I really think it's time to move on. Tivo is an excellent product but the general design of their interface has run stagnant. Features are missing that should have been added years ago (like space left on the hard drive among others).


----------



## Que (Apr 15, 2006)

Chris Blount said:


> I like the Tivo interface and it works well but quite frankly I don't miss it. As a matter of fact it seems like Tivo support for DirecTV DVR's had gone down a bit. My wife still uses Tivo upstairs and she told me last night that some of her season passes are not recording. Sure enough, if you look over at the TivoCommunity, almost everyone is having problems with their season passes and it's been happening for over a month.
> 
> I really think it's time to move on. Tivo is an excellent product but the general design of their interface has run stagnant. Features are missing that should have been added years ago (like space left on the hard drive among others).


Only thing is that the new HDDVR from D* doesn't work for most. As of yet.

I looked at http://www.tivocommunity.com/tivo-vb/showthread.php?t=332166&page=14&pp=30

They think it's the guide data from D*.



> Why would you expect TiVo to say or do anything. The DirecTV receiver with TiVo is completely supported by DTV not TiVo.
> 
> While DTV may ask TiVo for help and there may even be a contractual requirement for TiVo to provide the help it is DTV and DTV alone that has the responsibility for this.


So is this on all D* DVR?


----------



## Earl Bonovich (Nov 15, 2005)

Que said:


> Only thing is that the new HDDVR from D* doesn't work for most. As of yet.


Define Most.....



Que said:


> I looked at http://www.tivocommunity.com/tivo-vb/showthread.php?t=332166&page=14&pp=30
> 
> They think it's the guide data from D*.


Right now... that is the only corrolation... but, right now... as far as I know, neither TiVo or DirecTV has definitively identified WHAT is causing it.

And the guide data comes from TMS (Tribue Media Services)... I don't know if DirecTV add's anything to the guide data for the TiVo usage... before it transmits it out.

As for the segment you quoted....

Well yes... DirecTV has a responsibility to their customer... but they have to work with TiVo (the 3rd party vendor), to find out what the actual issue is. TiVo still owns all the code, they do all the development. DirecTV doesn't hae the source code, nor debuggers for the TiVo versions.
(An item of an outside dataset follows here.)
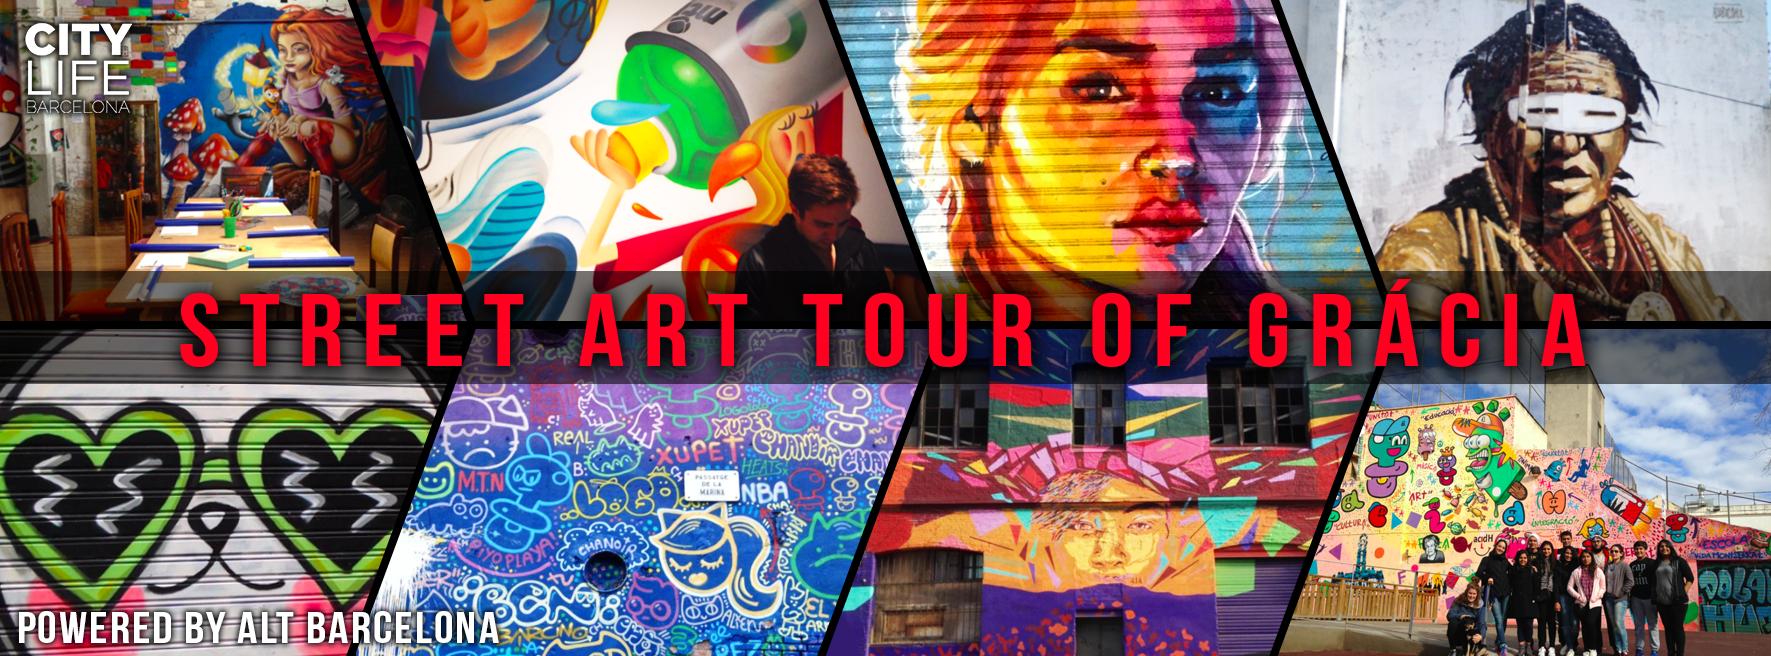 MEET & EXPLORE - Street Art Tour of Gràcia!

So don't ever expect TiVo Inc to say something, as that is not how it works in 3rd party solutions.

IMHO: Another reason on why DirecTV wants to do their own systems... If they are going to get blamed for the issues, they would like to control to fix it.



Que said:


> So is this on all D* DVR?


What is on all DirecTV DVRs?


----------



## Chris Blount (Jun 22, 2001)

Que said:


> They think it's the guide data from D*.
> 
> So is this on all D* DVR?


I will agree that D* is ultimately responsible but Tivo is still getting paychecks from D* and should be helping with the problem. The guide data isssue is speculation at this point.


----------



## bonscott87 (Jan 21, 2003)

Tivo's not coming back, just live with it or choose another provider. It was made *very* clear at CES and other interviews that the HR20 is the top cornerstone to their future.
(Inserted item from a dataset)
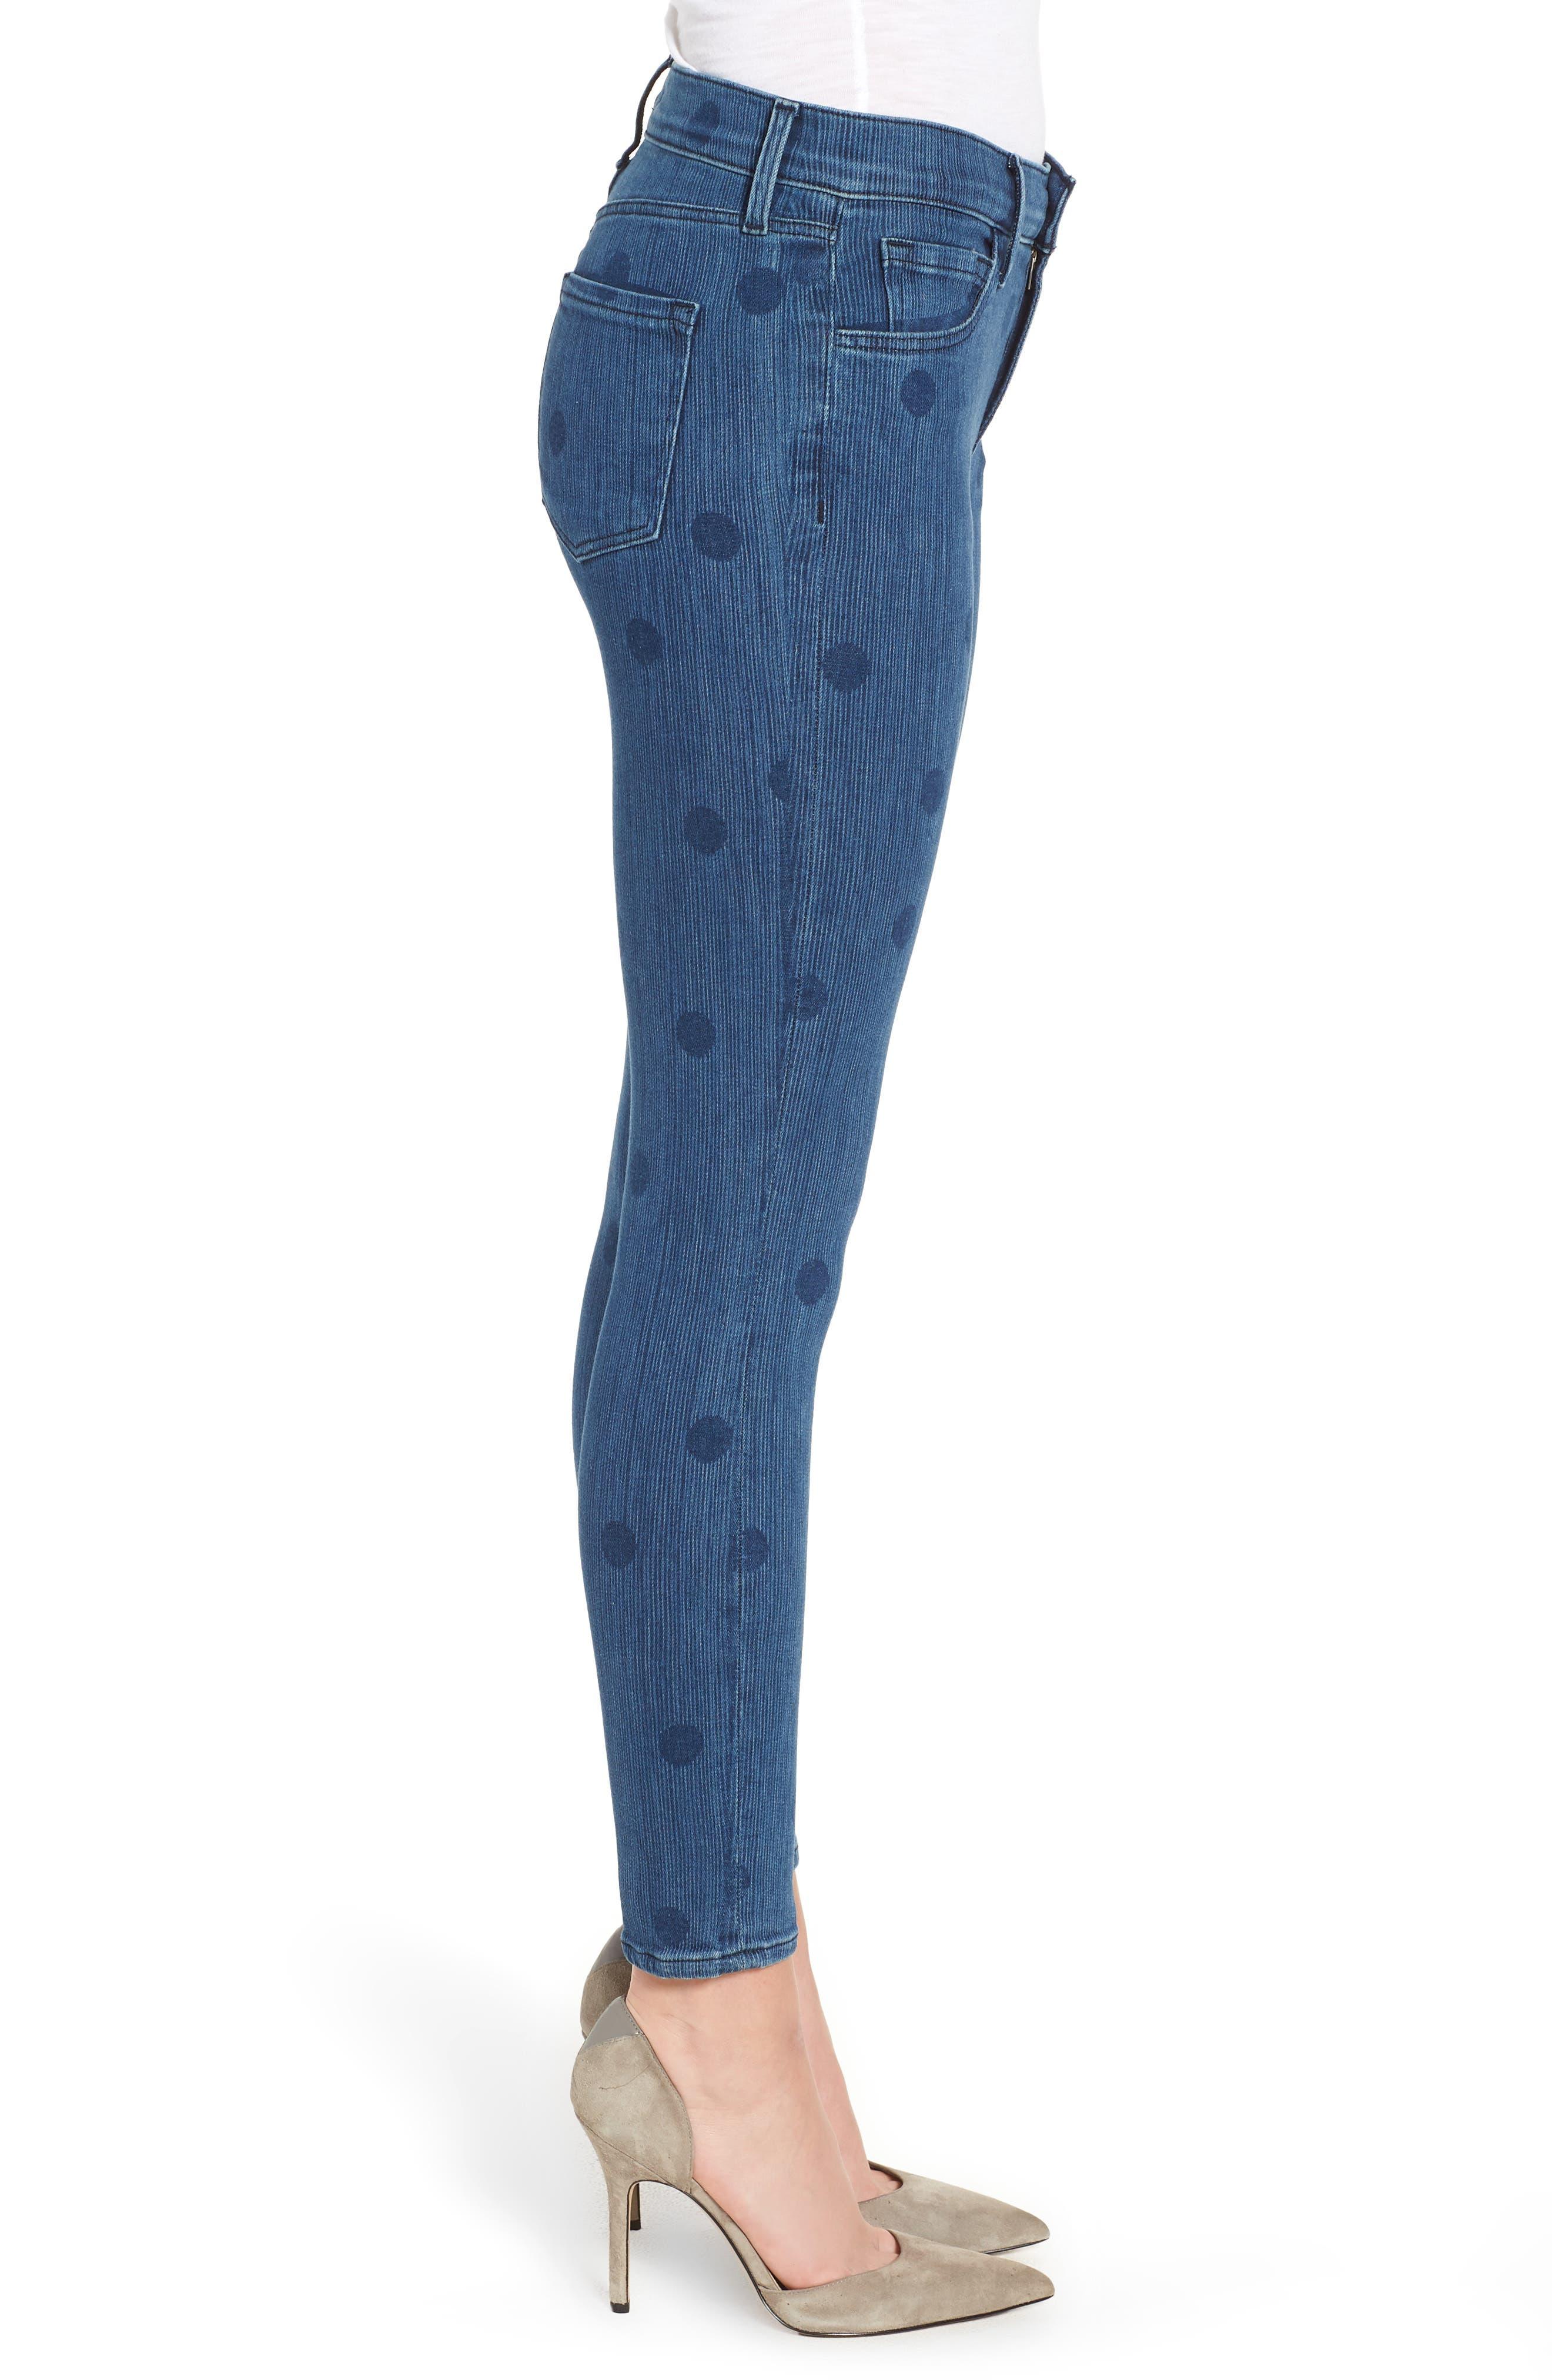 835 Capri Skinny Jeans,                             Alternate thumbnail 3, color,                             Aerial

The *only* way I can see Tivo sneak back in is if a year from now the HR20 platform is a failure and Malone (assuming he hasn't sold DirecTV off again by then) decides they need to go a different direction. And even then you're probably talking at least 2 years to market for a new DirecTV Tivo box.

I think the main reason DirecTV went their own way isn't so much $1 per box as many people think but was twofold:
1) To get to a common base GUI to make support easier and to increase the DirecTV brand
2) To be able to do all the advanced stuff they want to do such as the VOD, Sunday Ticket player tracker and interactive stuff which can't be done on a Tivo...without a significant overhaul anyway. And if you're going to completely redo the Tivo platform anyway to support these advanced features (assuming Tivo would even agree to it), why not take that R&D inhouse and do your own product to make more synergy?
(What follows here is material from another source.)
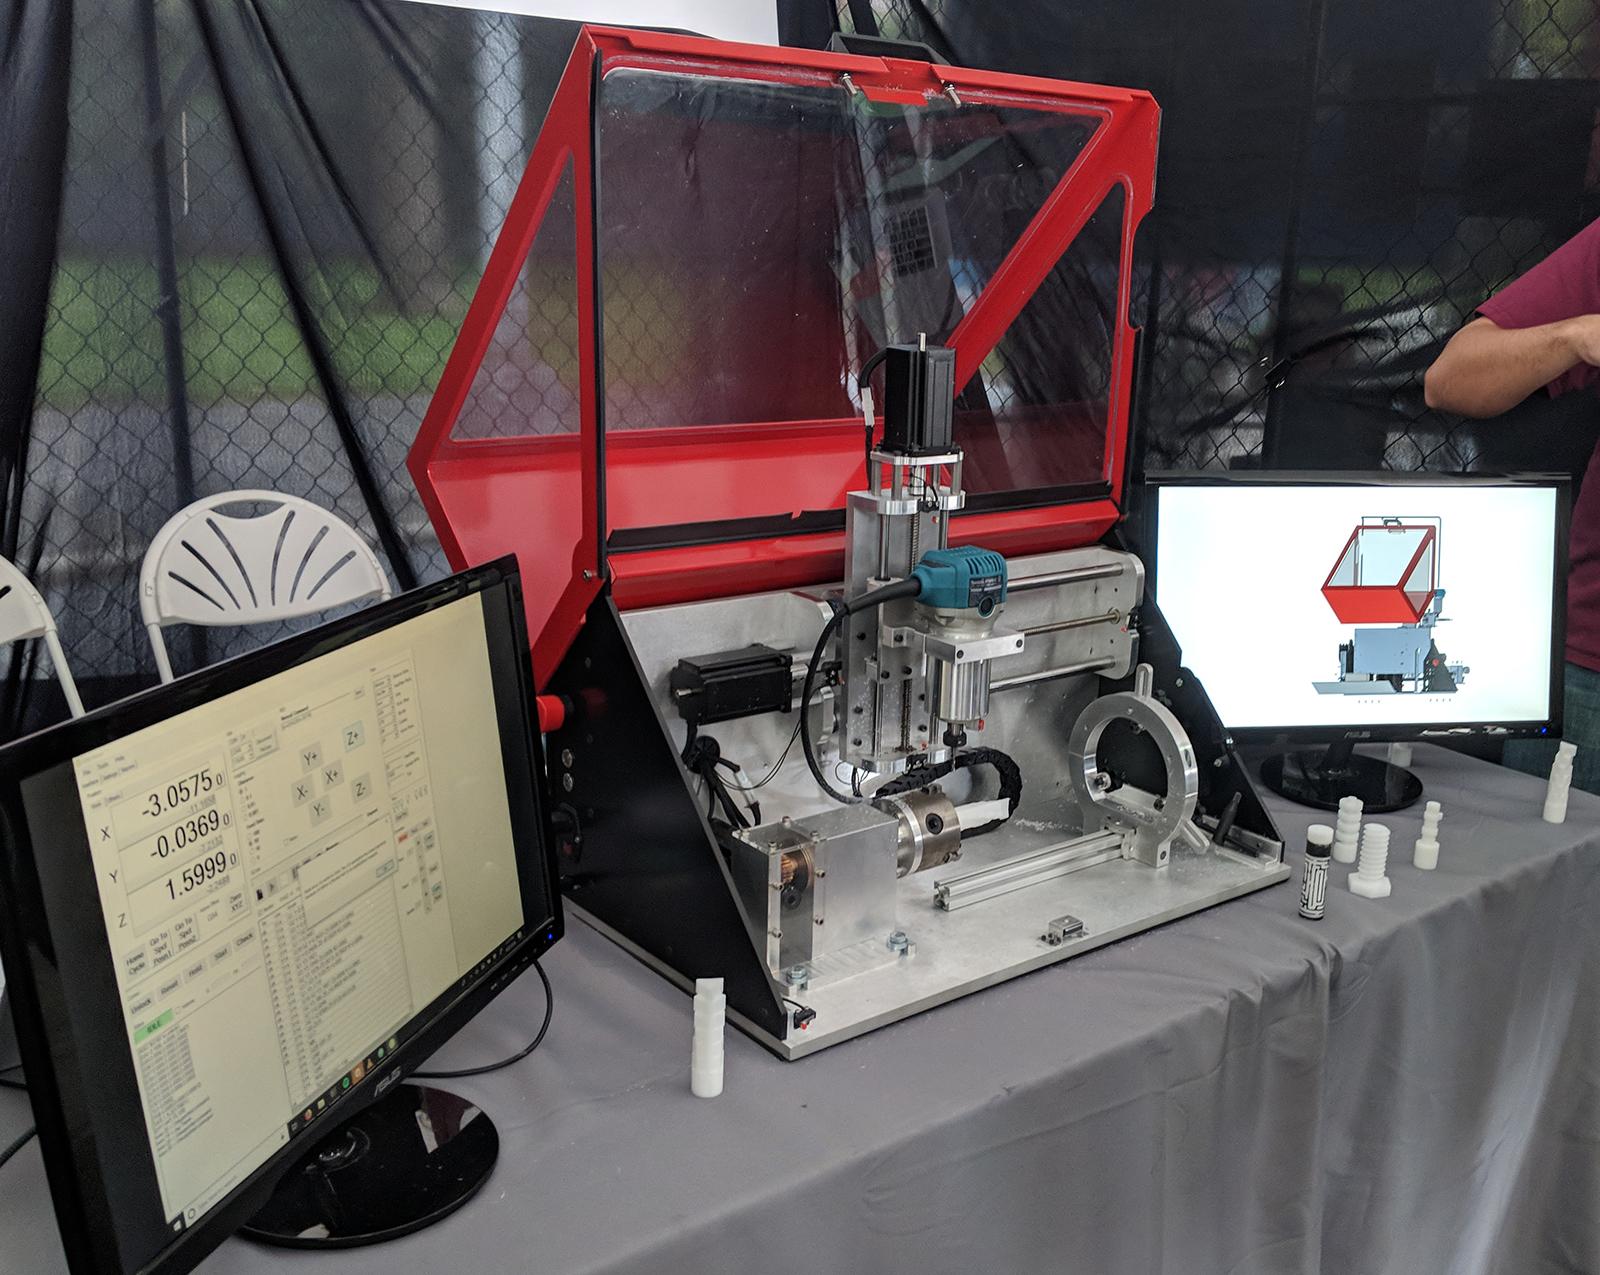 A Rotary Axis CNC Machine   Hackaday

Anyway, just me rambling before lunch...


----------



## Que (Apr 15, 2006)

I was *READY* for the HR20. Called 2 month before release. I was ready for it! 
I still am.... just needs a little for time. It's in my notes that I will get a free upgrade, even record the (moviemk.exe) call. Just to make sure. I'm sure it will get there in time.


----------



## linuxworks (Dec 27, 2006)

EMoMoney said:


> TiVo doesn't have a hardware unit that can decode MPEG4. We would be waiting for a loooong time for it to even hit the market.


come on - how hard would it be for someone as skilled and experienced (in this field) as tivo to add mp4 to their box, via an incremental design? new hardware, clearly, but so what? companies in the valley can do this stuff in 6mos time! this is not rocket science. its not a high school senior project (lol) but its NOT that hard to do, I don't think. given their programming team and experience, no, I don't think it would be difficult for them to do it at all. way less than a 9mo cycle, if they really worked hard on it. 6mo if they hired extra and make it a prio. (just a WAG, though).


----------



## linuxworks (Dec 27, 2006)

carl6 said:


> It would definately take a dedicated design and manufacturing effort to get a new, MPEG4 capable DirecTivo DVR. If that were to be done, it would be at the very least, a year or longer before anyone would see one. That just isn't going to happen.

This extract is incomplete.